МОНАШЕСКОЕ БРАТСТВО В ТАГАСТЕ
Имя Августина ассоциируется главным образом с Гиппоном, городом его епископства. Все ведь так и говорят: Августин Гиппонский. Может показаться, что среди городов, в которых он подолгу бывал — Карфагене, Риме, Милане, Гиппоне, Тагасте,— последний внес наименьший вклад в формирование его личности.
Верно сказано: «нет пророка в своем отечестве», но, с другой стороны, никто в точности не знает, как долго питает человека «сок корней» и какова его истинная ценность. Как бы там ни было, Августин выбрал именно Тагаст, город, в котором он родился тридцать четыре года назад и получил начальное образование, в качестве постоянного и окончательного, как он полагал, места жительства. Здесь же он собирался наконец осуществить свой давнишний замысел и предаться созерцательной жизни в тесном кругу друзей.Словно скиталец, который много страдал в своих странствиях по свету, он хотел вновь соединиться здесь с корнями собственного бытия и своей христианской веры, нашедшей для него воплощение в матери. Тагаст, ныне алжирский город Сук-Арас, не мог похвастаться славным прошлым, не было в нем сколь- нибудь значительных памятников, здесь не происходили исторические события. Во времена августинова детства, как мы видели, это была глухая деревня, и подающему надежды мальчику, который, научившись читать и писать, хотел получить более пристойное образование, ничего не оставалось, как отправиться в близлежащую Мадауру, родину Апулея.
Может быть, выбирая место для своего первого монастыря, Августин руководствовался не только тягой к родным местам, но и стремлением к ничем не нарушаемому покою, который ему как раз и мог предоставить Тагаст, расположенный в гористой и живописной местности, на высоте 675 м над уровнем моря, на южном склоне холмов Медьерды.

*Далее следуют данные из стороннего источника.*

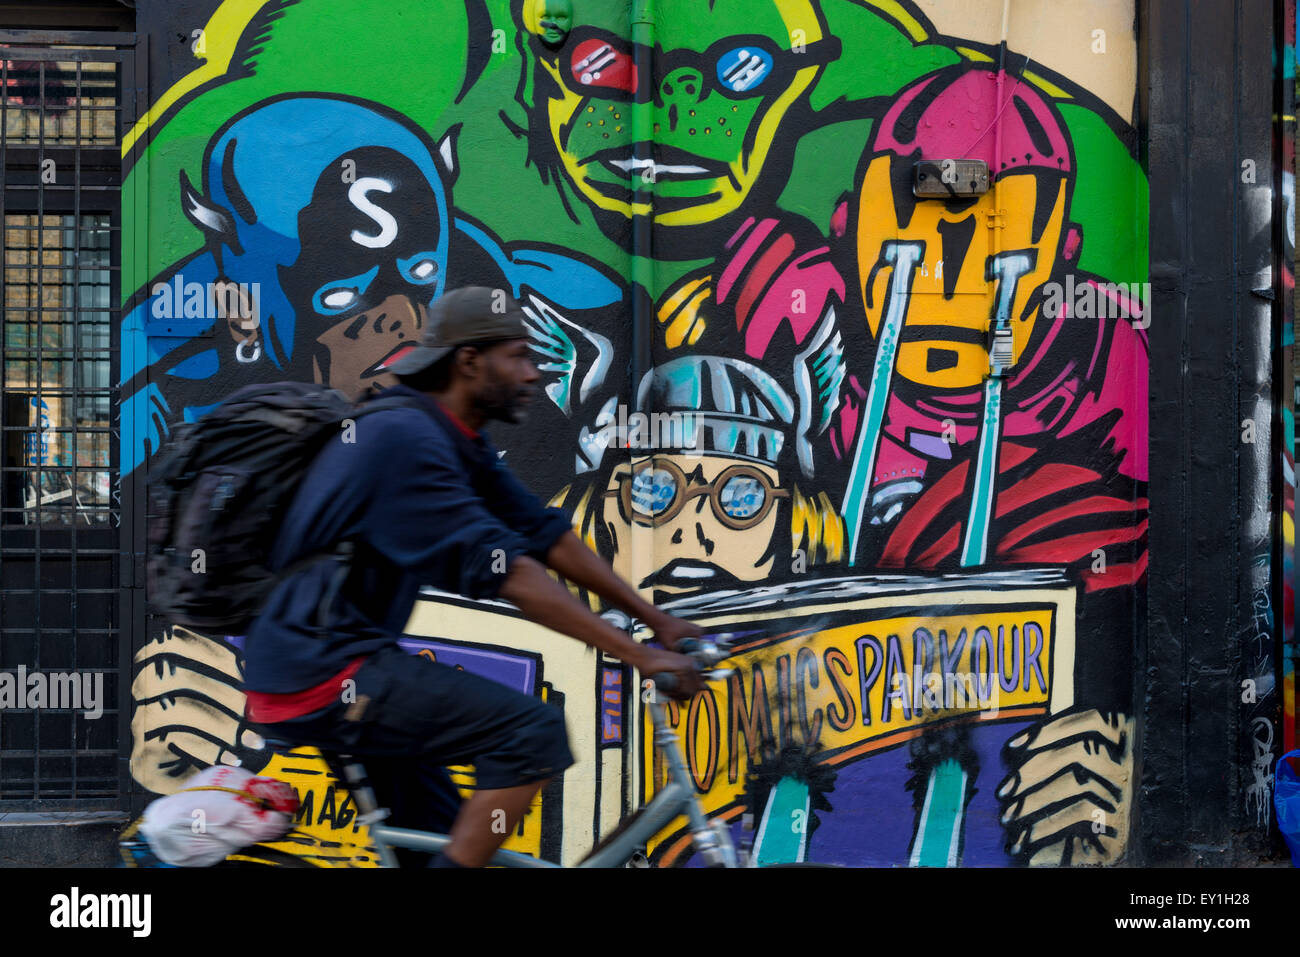 Londra è una delle più grandi e migliori collezioni di radiato arte di strada in tutto il mondo. Artisti locali ed internazionali hanno decorato le strade di Londra con una sbalorditiva schiera di lavori creativi. 19 Luglio, 2015. © Velar concedere/ZUMA filo/ZUMAPRESS.com/Alamy Live News Foto Stock

Замечателен открывающийся из городка вид на не очень высокие, от 1000 до 1400 м, холмы, на богатую растительностью долину, в которой зимой образуются стремительные водопады; вдалеке, на юге и на западе различим пустынный пейзаж, тоже не лишенный очарования.
Рассказывая о детских впечатлениях, Августин вспоминает о «ласкающих взор лесах», «благоуханных лугах», на которых гнездились птицы, и, конечно, о поиске этих гнезд,— любимой забаве детских лет. Теперь, обратившись к Богу, он, как и прежде, радовался красоте родного края.
Тагаст находился в 250 километрах от Карфагена (Тунис) и в 80 км от Гиппона, нынешней Аннабы (Алжир),— того самого Гиппона, который в конце концов похитит Августина у тихой родины, и в котором он будет жить и трудиться около 40 лет. Для истории именно Гиппон станет «штаб-квартирой» Августина.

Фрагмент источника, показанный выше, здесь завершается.